Preaching a Black queer-liberation theology that excoriates the church's gossipmongers ( the "I Heard Folks" who congregate and become the "They Heard Folks" ) in defense of its gay choir boys, Benson finally discloses his secret by disrobing and revealing what's underneath his vestment.

While homophobia is a running thread in many of the vignettes—particularly, the Black Church and Black cultural brand of it—the storyline makes you laugh to keep from crying in order to look at hard and unresolved issues a young gay Black male coming out confronts, like racism, homophobia, sexual abuse, rape, poverty to name a few ( and at their intersections ), and how that might shape one's self-esteem and further social sexual relationships.

I surmise the best way to depict BootyCandy is to call it a tragicomedy, a play that uses humor and comedic moments to obfuscate not only one's painful personal journey of coming out, but, also, one's unresolved pain and trauma from sexual abuse. One of the dark and most disturbing moments in the play is the last of several gay bar cruising scenes. Sutter and his friend pick up a drunken white "supposedly straight" male who solicit the two men to follow him home to sexually humiliate him. Sutter's eagerness and cold indifference to fulfill the man's request disturbingly suggests both racial and psychosexual revenge for his childhood sexual seduction by an older white man.

In the vignette "Conference," there is a mock panel discussion between four African-American playwrights, each of whom has written one of the previous vignettes the audience has seen, and a clueless white moderator who condescendingly asks the writers, "I'm wondering what you are hoping the audience comes away with after seeing your work?"

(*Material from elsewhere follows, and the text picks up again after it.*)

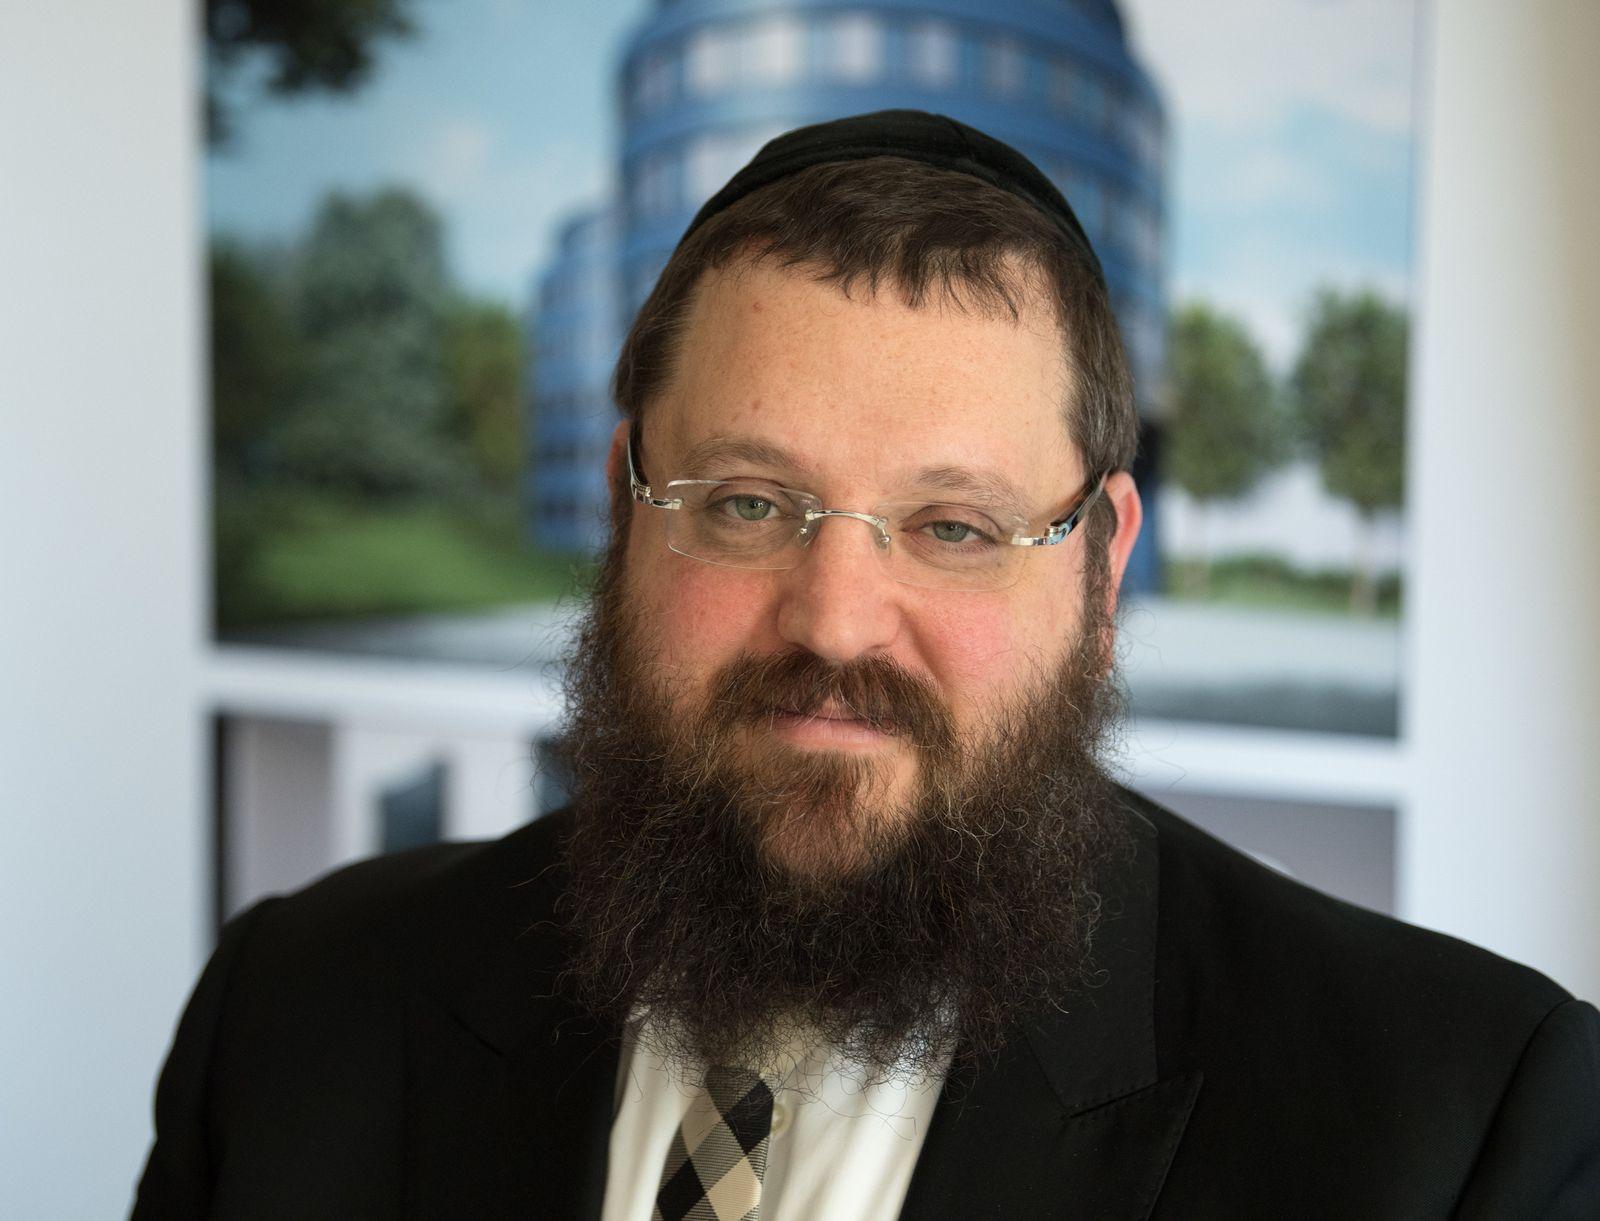 Rabbiner Yehuda Teichtal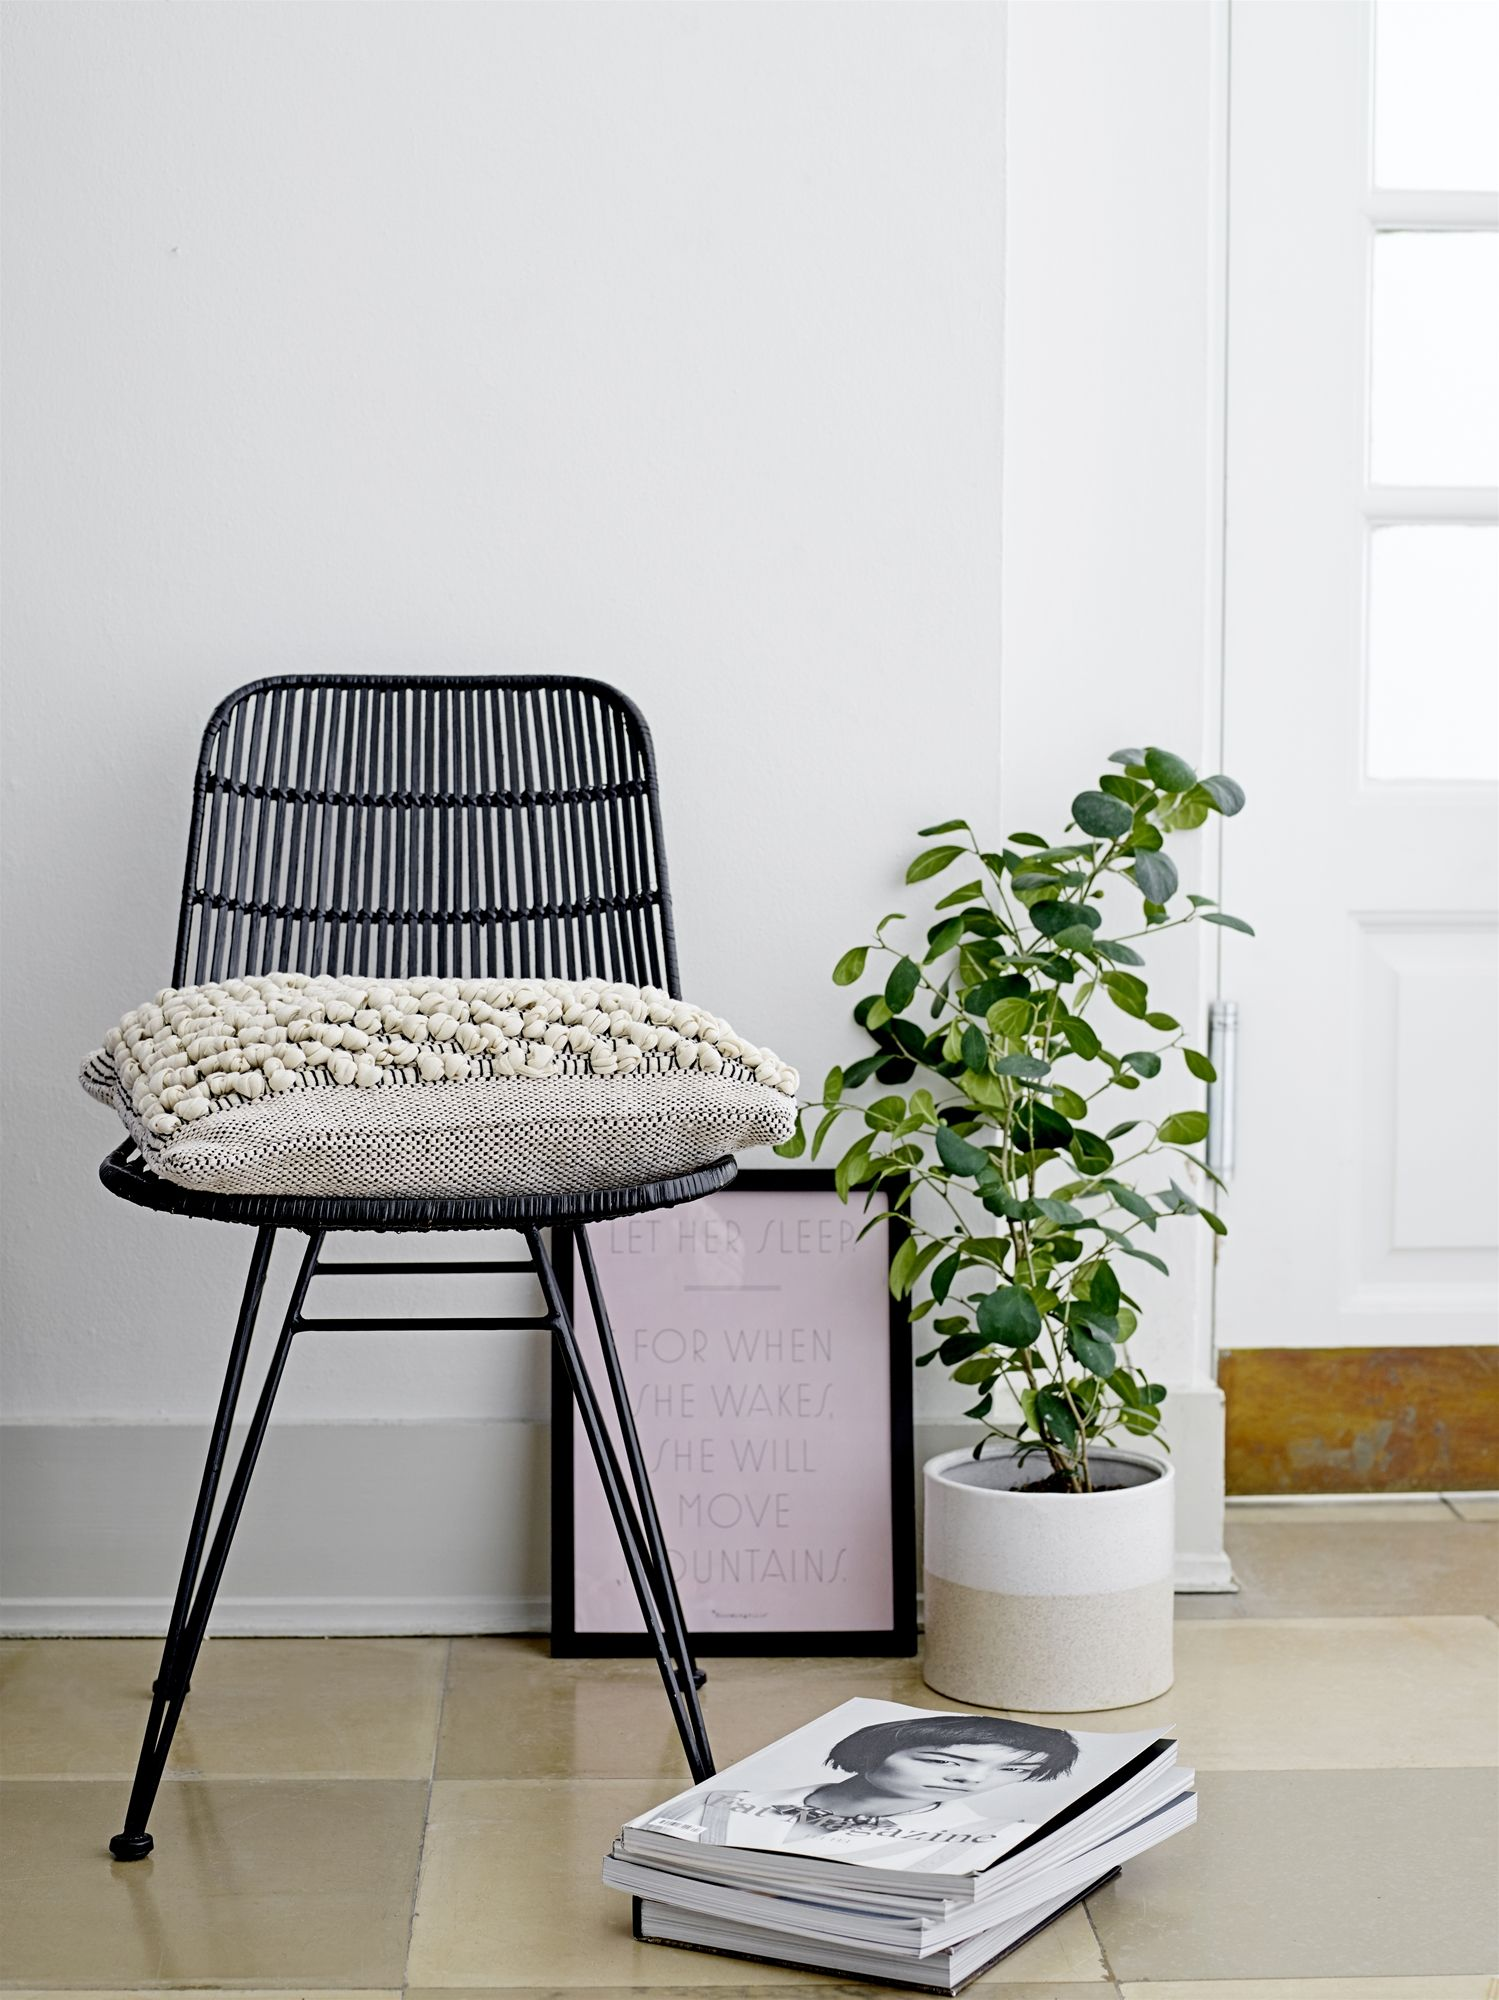 Noir En De 2 Lena Lot Rotin Bloomingville Chaises Rcbshqdoxt Chair uTlcK1F3J

Sutter: I think the audience should choke.

Moderator: Choke?

Sutter: Asphyxiate.

WRITER 1: I don't want them to digest it easily.

And BootyCandy isn't easy to digest.

You leave BootyCandy knowing O'Hara's journey was difficult -like that of so many LGBTQ of African descent. O'Hara didn't touch on HIV/AIDS ravaging our communities, and the Black Church continued silence on it. O'Hara masterfully shows that only through humor could the absurdities of Black homophobia keep you laughing instead of crying.